I sort of came out a while back, basically saying that I wasn't 100% straight. Now, I'm deciding on gay/bi, or some label that fits me the best... I general, my attractions fluctuate from day to day depending on who is there. I am aware that sometimes the bisexual term is used as a stepping stone to transition into gay, but has anyone gone through this? If there was no indication that I was into girls then I think it would be safe to say that I'm predominantly gay, but a lot of times when I get near a cute girl I have the sudden urge to kiss her or hold her hands. Dates are a different topic, but basically getting intimate with a girl is something I can see myself doing, and recently I've been able to see myself doing it with a guy. Why can't my confusion end? Am I trying to deny that I'm gay since I'm holding on to my past attractions to girls? Many times, I will envision myself dating girls but sometimes it backfires... it's the same with guys, but less at the moment.

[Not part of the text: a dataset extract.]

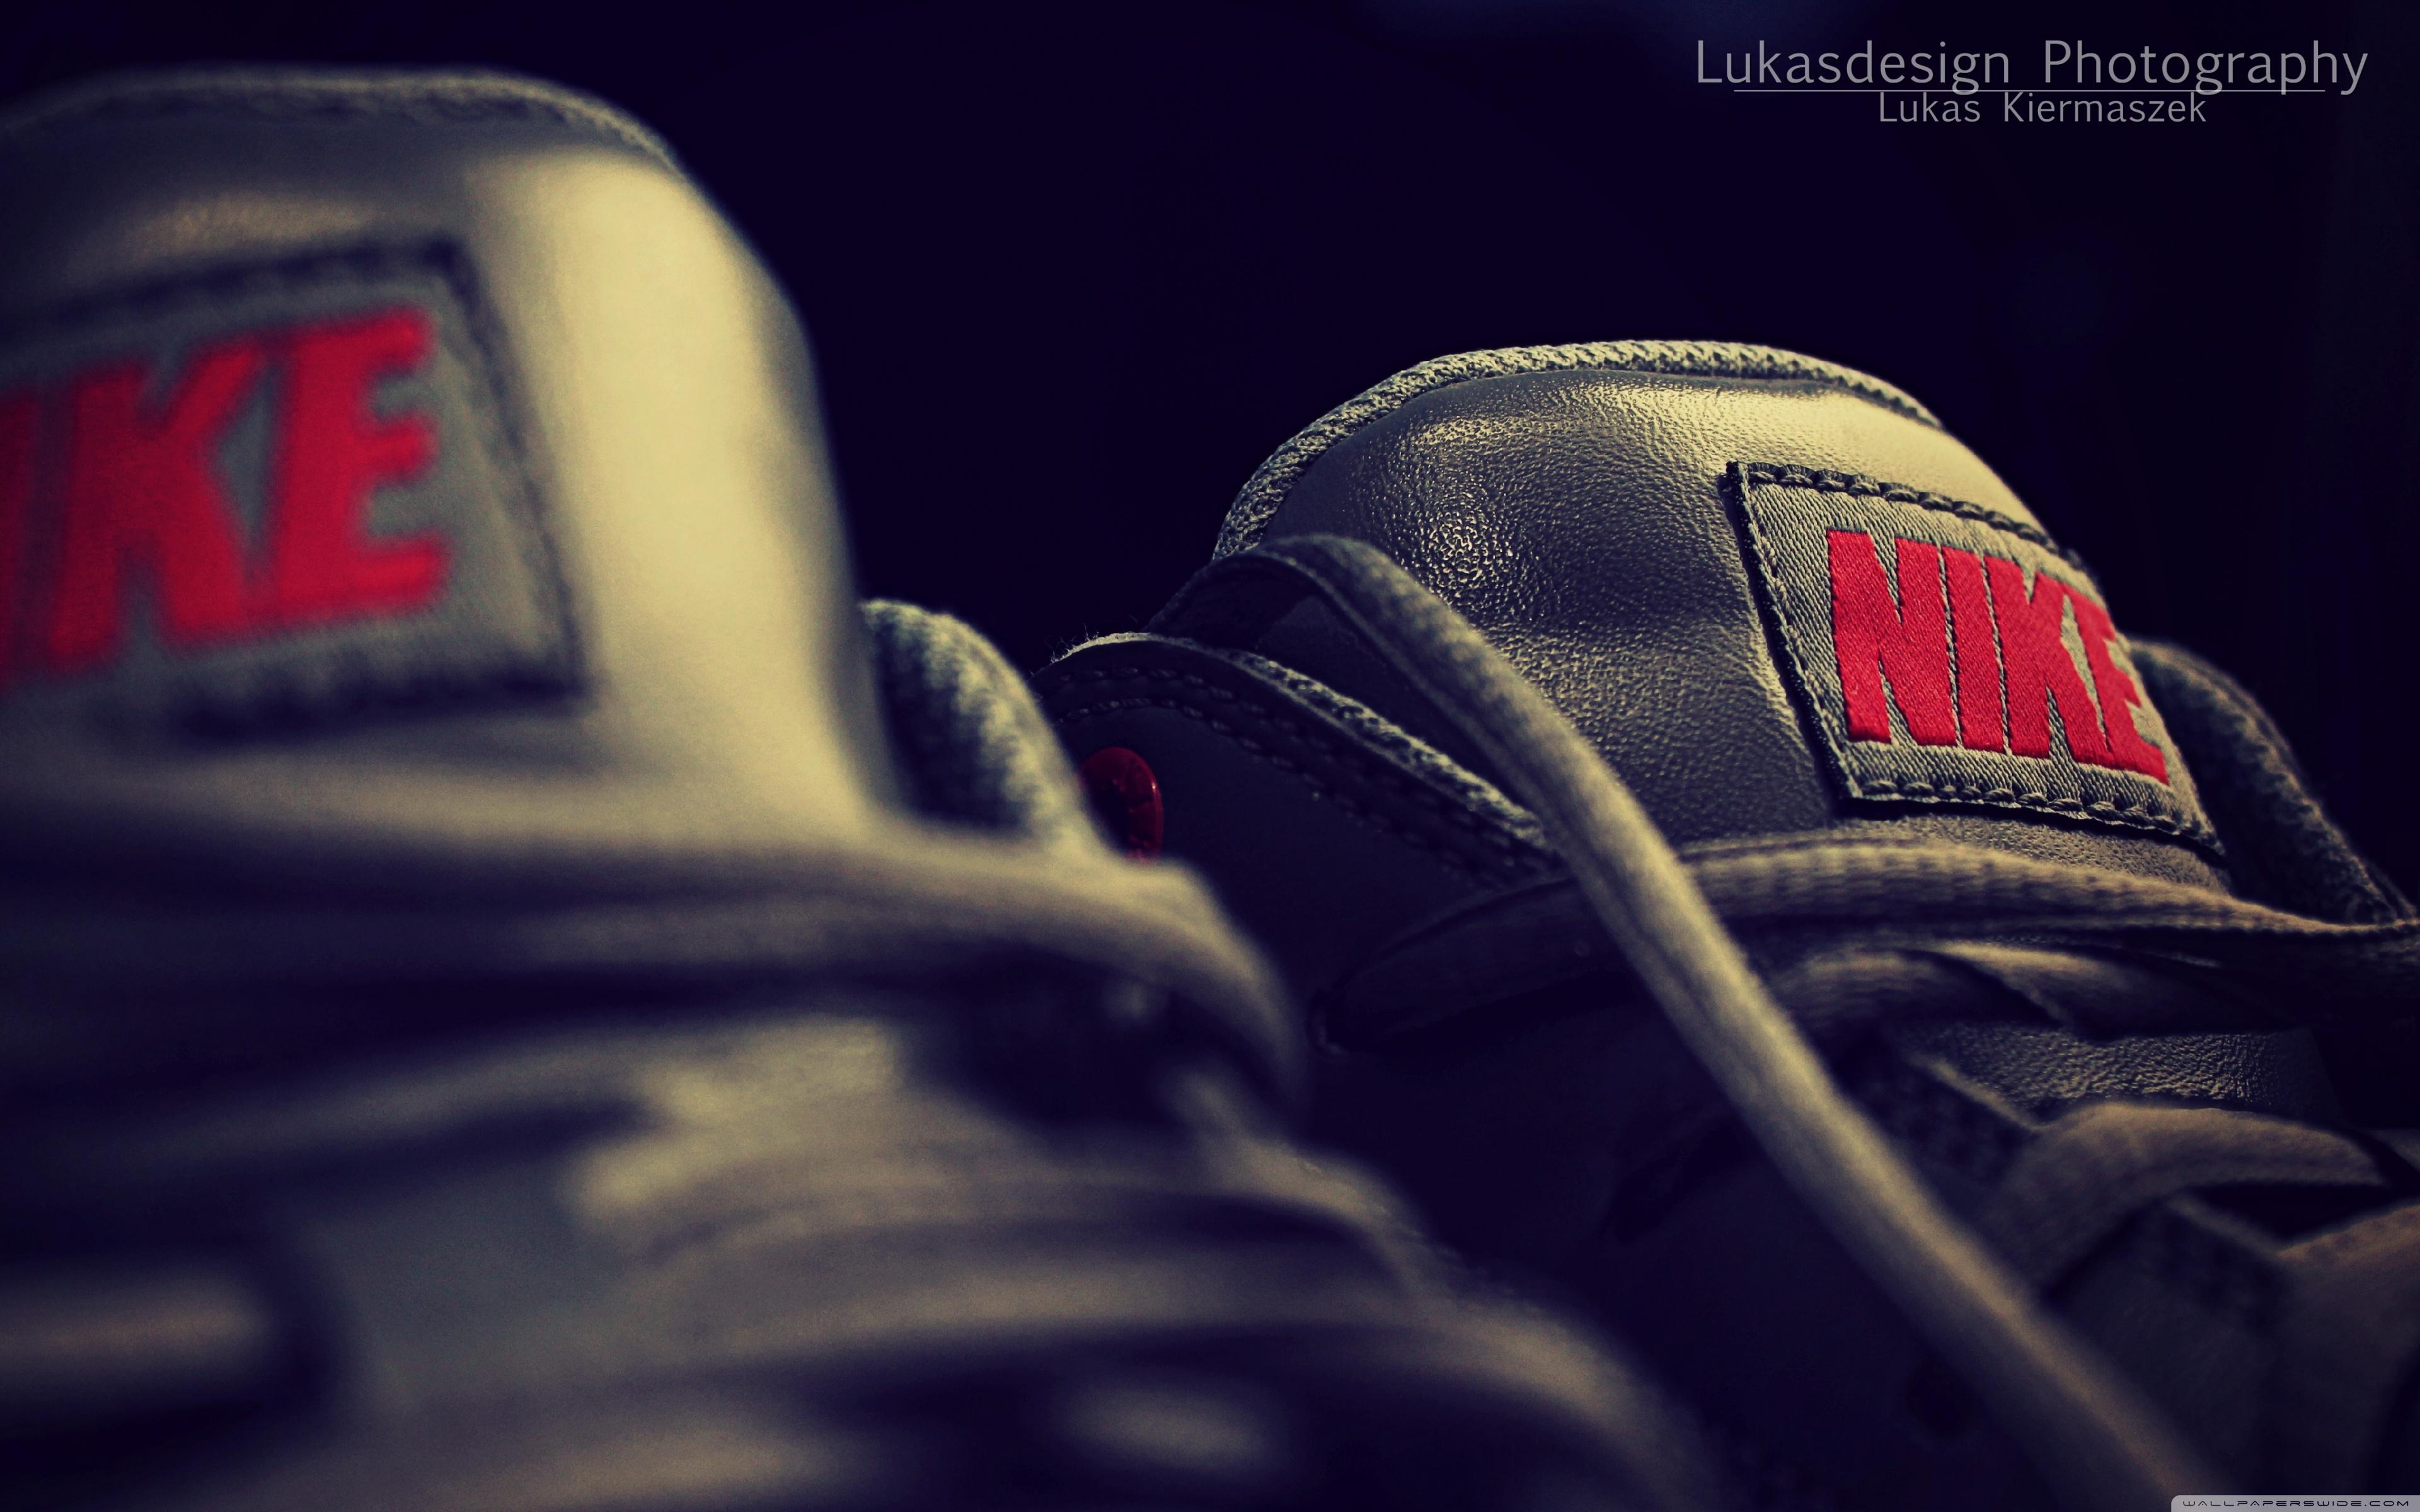 Nike Shoes Wallpaper 4k   3840x2400 Wallpaper   teahubio 3840x2400
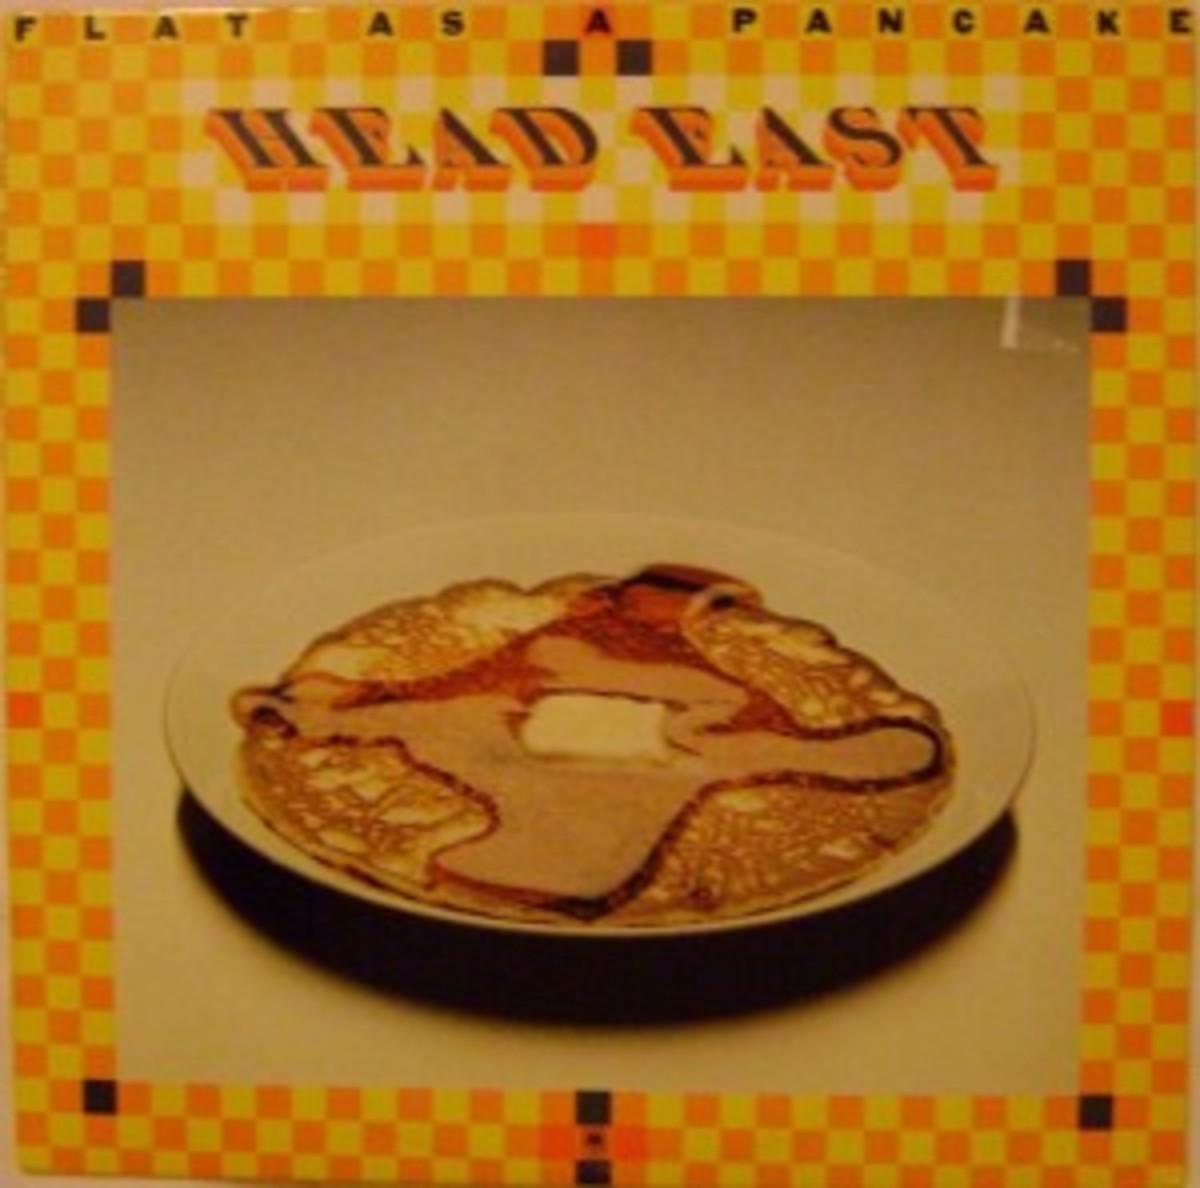 Head East Flat As A Pancake A&M

Out of curiosity Jax12, are you going through depression lately or anything like that? I realized in my case, I was rather going through an obsessive cycle where I kept trying to find an answer to something that is impossible to get. Take it day by day man, stop obsessing about it, quit the fap and the porn for good, take some cold showers and see how it clears up your mind. Meditate and take up new habits, I realized because of the free time I have on my plate, my mind would wonder around about my sexuality... Obsessively. Try abstaining yourself from artificial stimuli and let nature take its course. You'll get your answer once you stop over thinking about it.
Spot on, I am going though depression since October last year. Since then everything in my life is going downhill. I've quit the porn, but now I'm using an app to communicate with older men. Nothing goes through my mind, it's like a drug where I want start to finish. While in my mind I can find them attractive like a role model, I cannot hear myself saying they look hot. It feels uncomfortvale, but of course I show it aside cause it seems like Homophobia. It's not just porn though, almost any guy that I see out there will start my anxiety/obsession, whereas before it didn't.
I have something to say about fluid attractions which may or may not apply to you. Even though I know I'm gay there are moments when I feel completely turned off by women and attracted to men. This sounds like my sexuality fluctuates but in reality it doesn't. I just haven't fully accepted my sexuality yet and the moments when I'm the most unaccepting I feel ashamed of it and I start to really like the idea of being with a guy so I feel more drawn and "attracted" to them. This used to confuse me when I questioned my sexuality and made me think I was bisexual. Have you tried to focus on why guys trigger this anxiety? Instead of focusing widely on what your sexuality is maybe you should only figure out why you get so anxious and obsessive about these things. I think it's pretty obvious that there is some kind of fear behind it since it makes you so anxious.
That's a great suggestion. I'll try focusing on why I feel so uncomfortable around those types of guys. Your second paragraph is interesting. There are also moments when I feel turned off by women, mainly by the ones that are full of gossip and are very clingy. All I know there is something about those types of guys that get me so anxious. I am nowhere near anxious with my guy friends unless they are very similar to the guys that I get anxious about.